**Problem statement**:
A faithful copy is needed of the lines below from the one with "Carolina Herrera 212" up to and including the one with "Ryzen 7 pro"; set it down with no pictures and no other lines.

**Exercise material**:

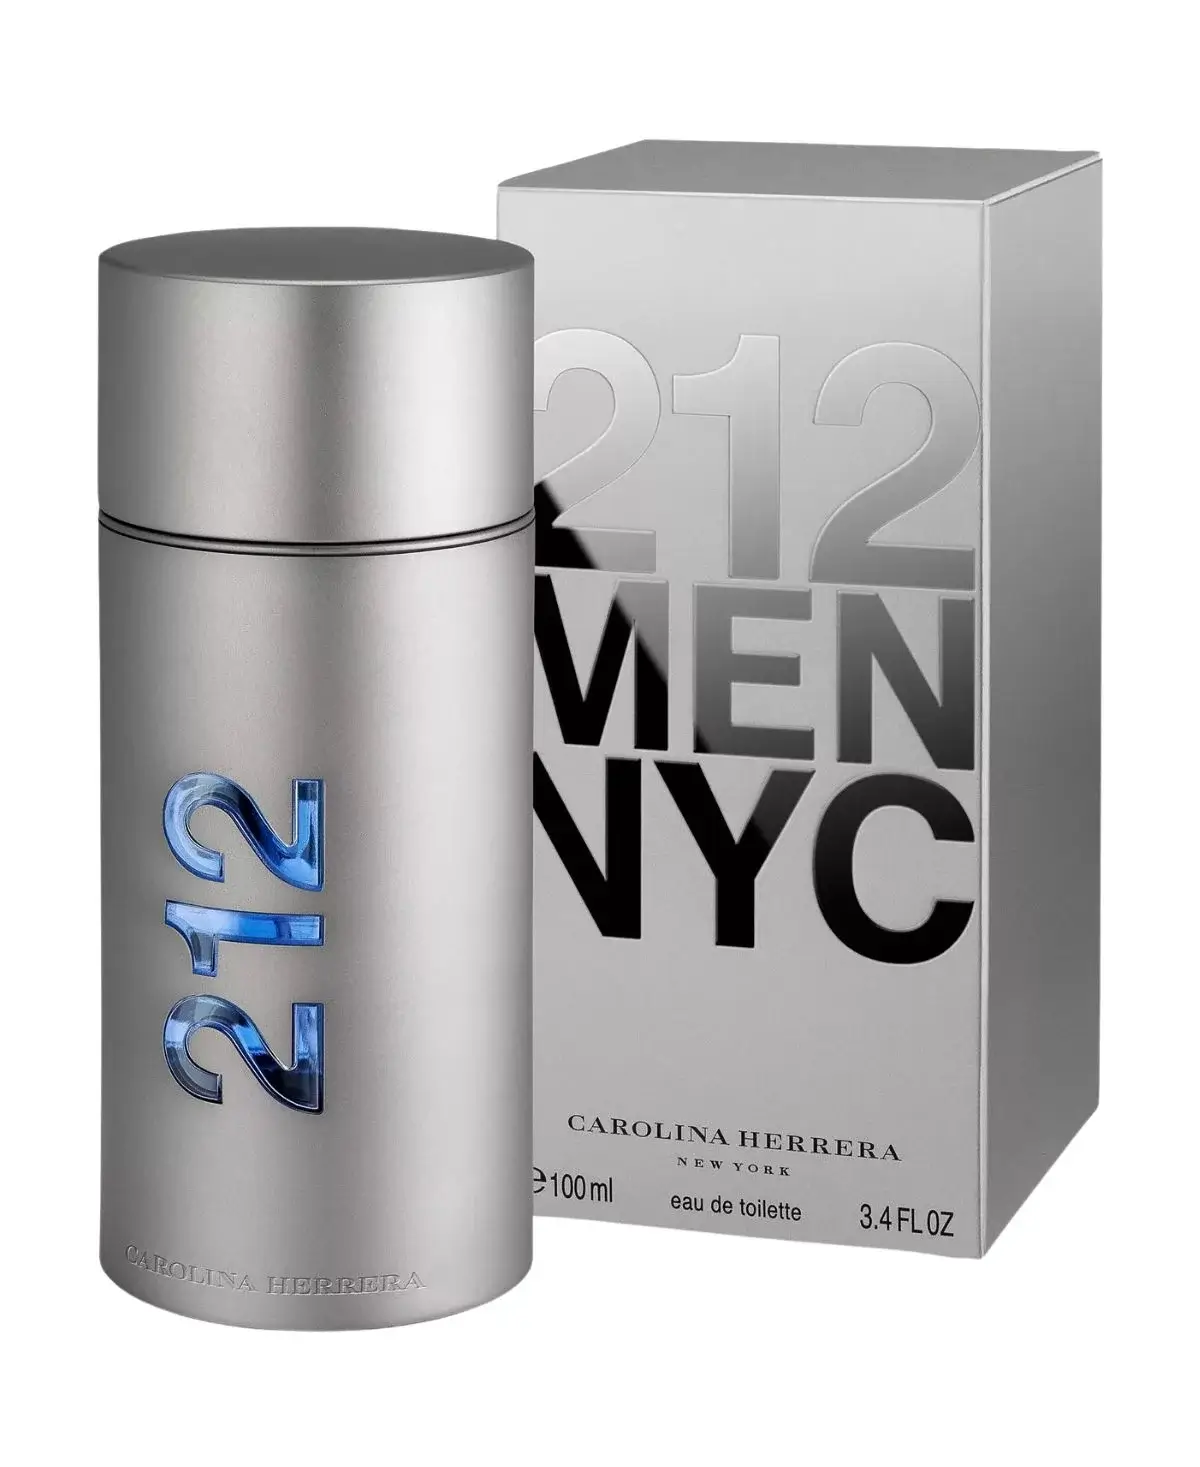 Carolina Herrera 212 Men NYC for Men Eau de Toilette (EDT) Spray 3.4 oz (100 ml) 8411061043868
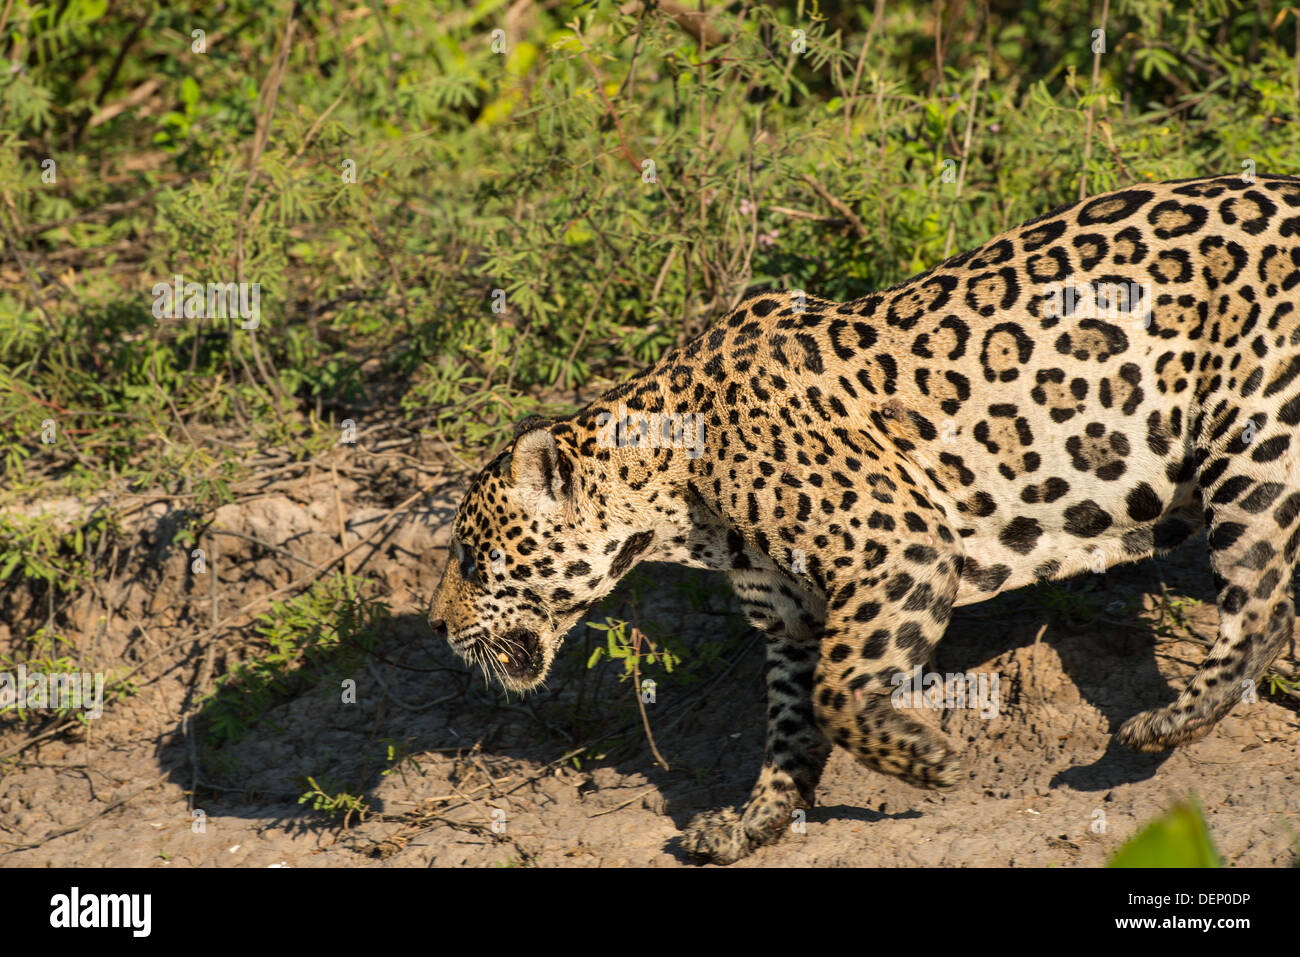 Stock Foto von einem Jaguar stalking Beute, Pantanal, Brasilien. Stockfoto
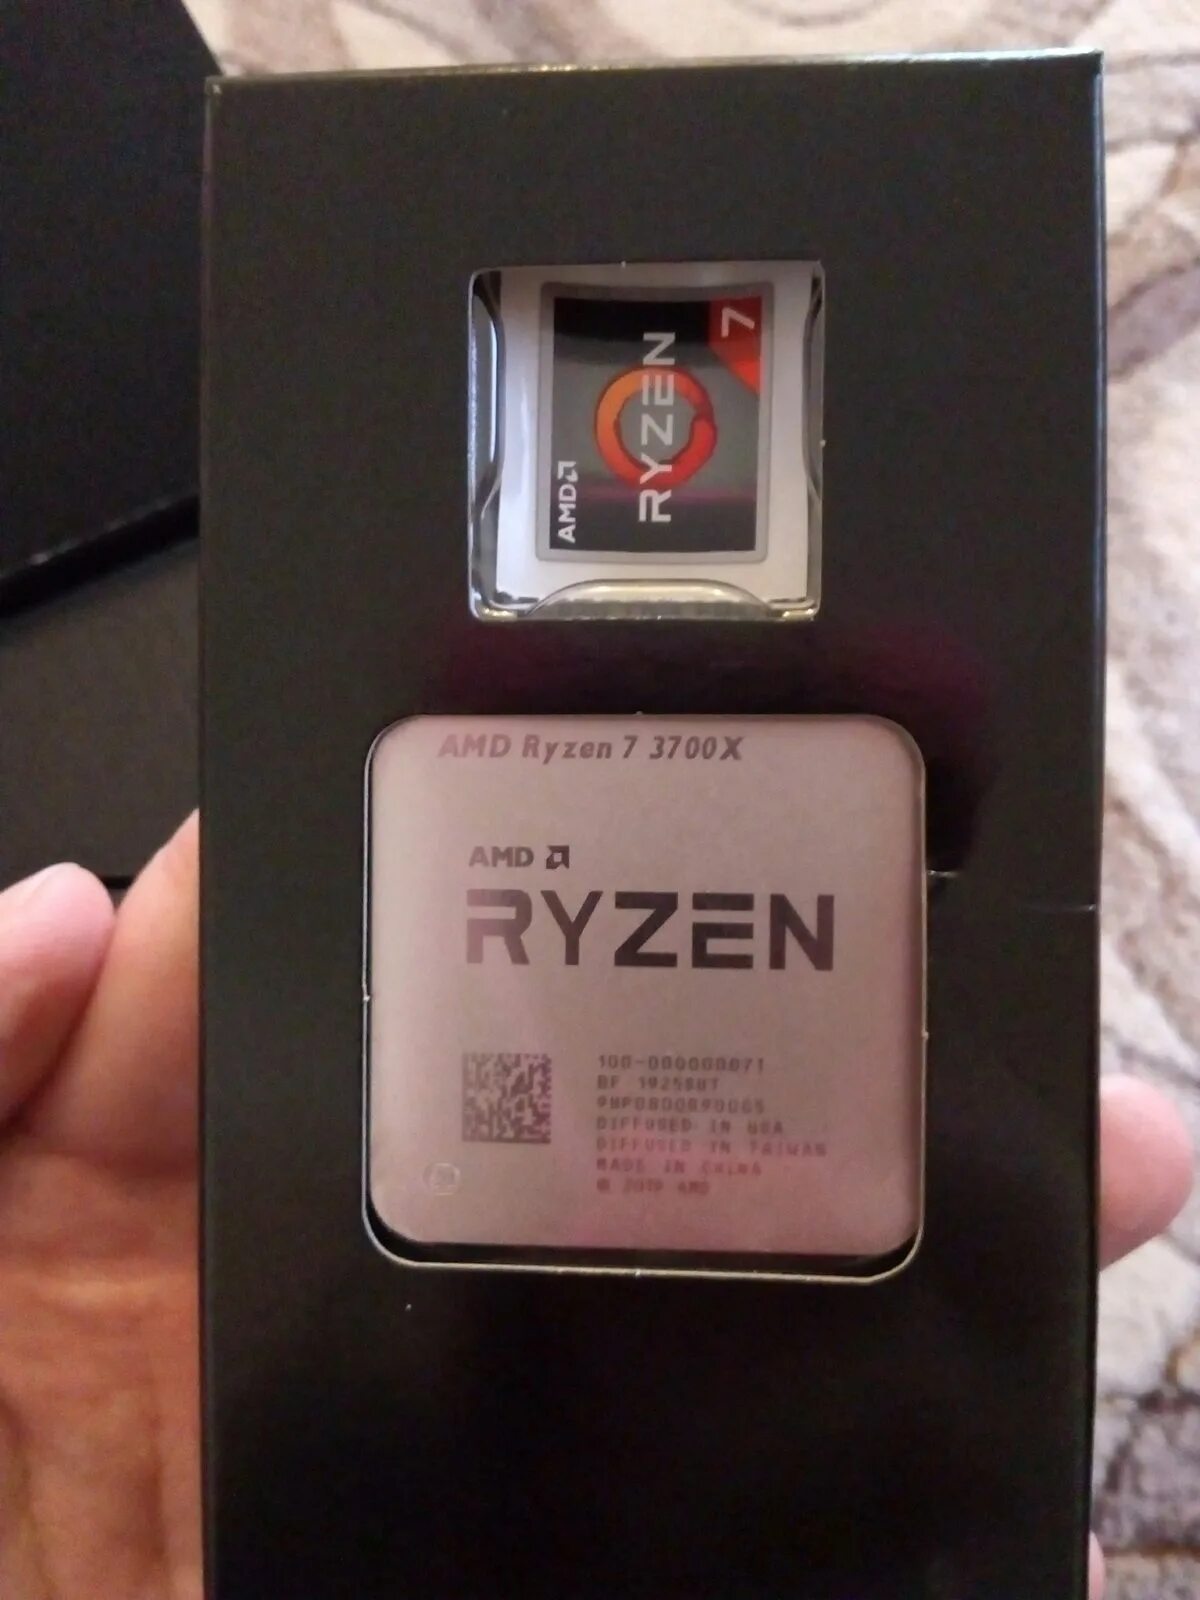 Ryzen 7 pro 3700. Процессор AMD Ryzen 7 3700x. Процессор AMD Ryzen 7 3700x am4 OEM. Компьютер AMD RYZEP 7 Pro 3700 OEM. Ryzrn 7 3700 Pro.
...
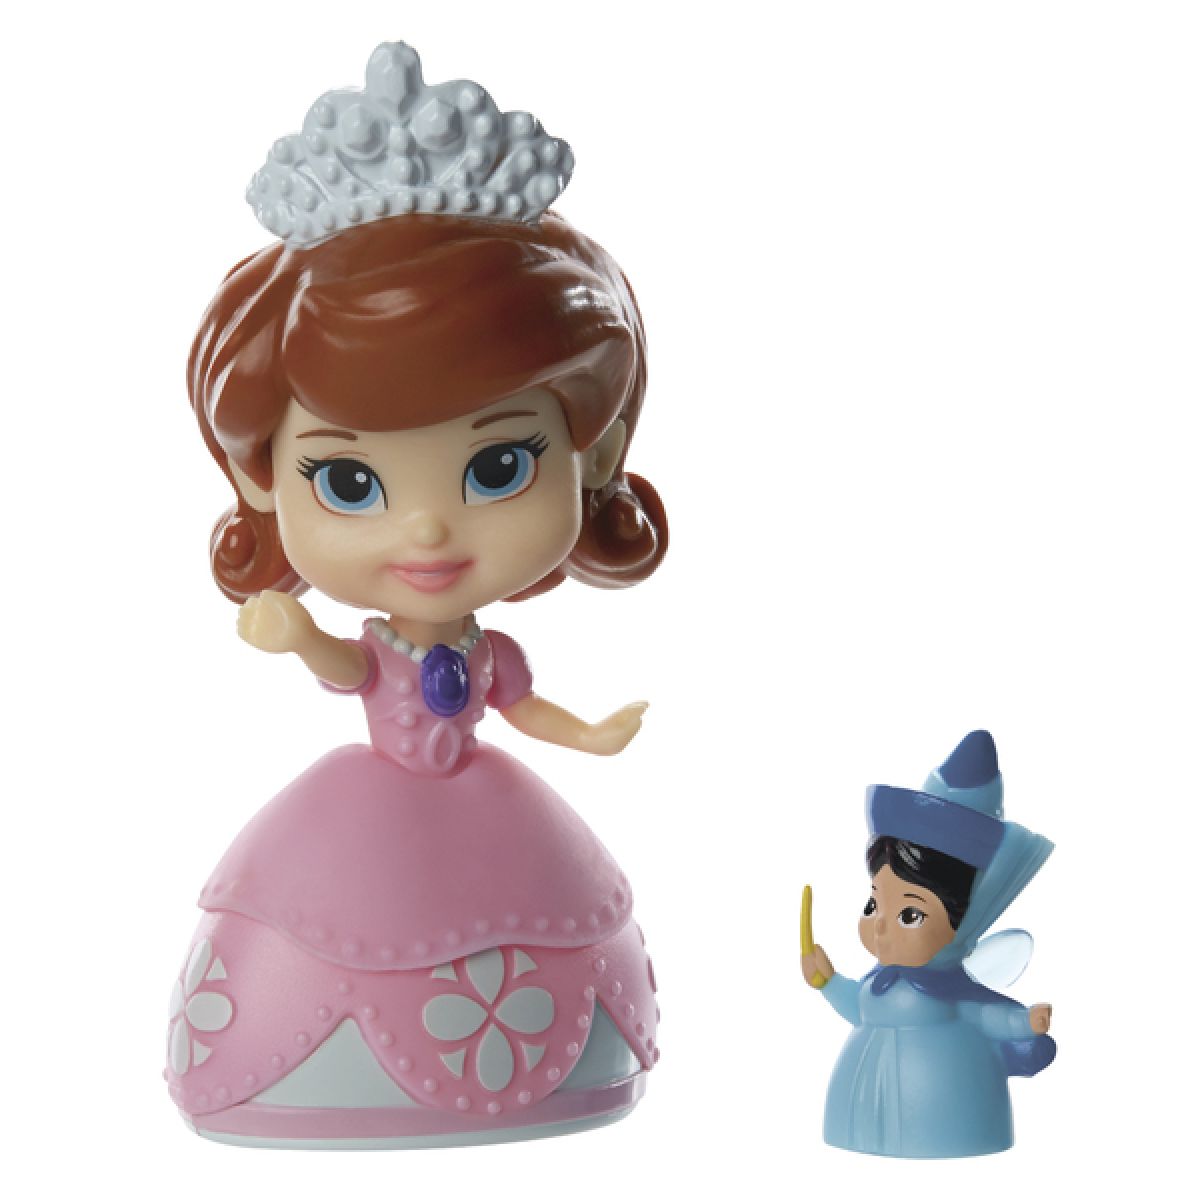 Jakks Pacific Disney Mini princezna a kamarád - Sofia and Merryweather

**Task solution**:
 Carolina Herrera 212 Men NYC for Men Eau de Toilette (EDT) Spray 3.4 oz (100 ml) 8411061043868
 Stock Foto von einem Jaguar stalking Beute, Pantanal, Brasilien. Stockfoto
 Ryzen 7 pro 3700. Процессор AMD Ryzen 7 3700x. Процессор AMD Ryzen 7 3700x am4 OEM. Компьютер AMD RYZEP 7 Pro 3700 OEM. Ryzrn 7 3700 Pro.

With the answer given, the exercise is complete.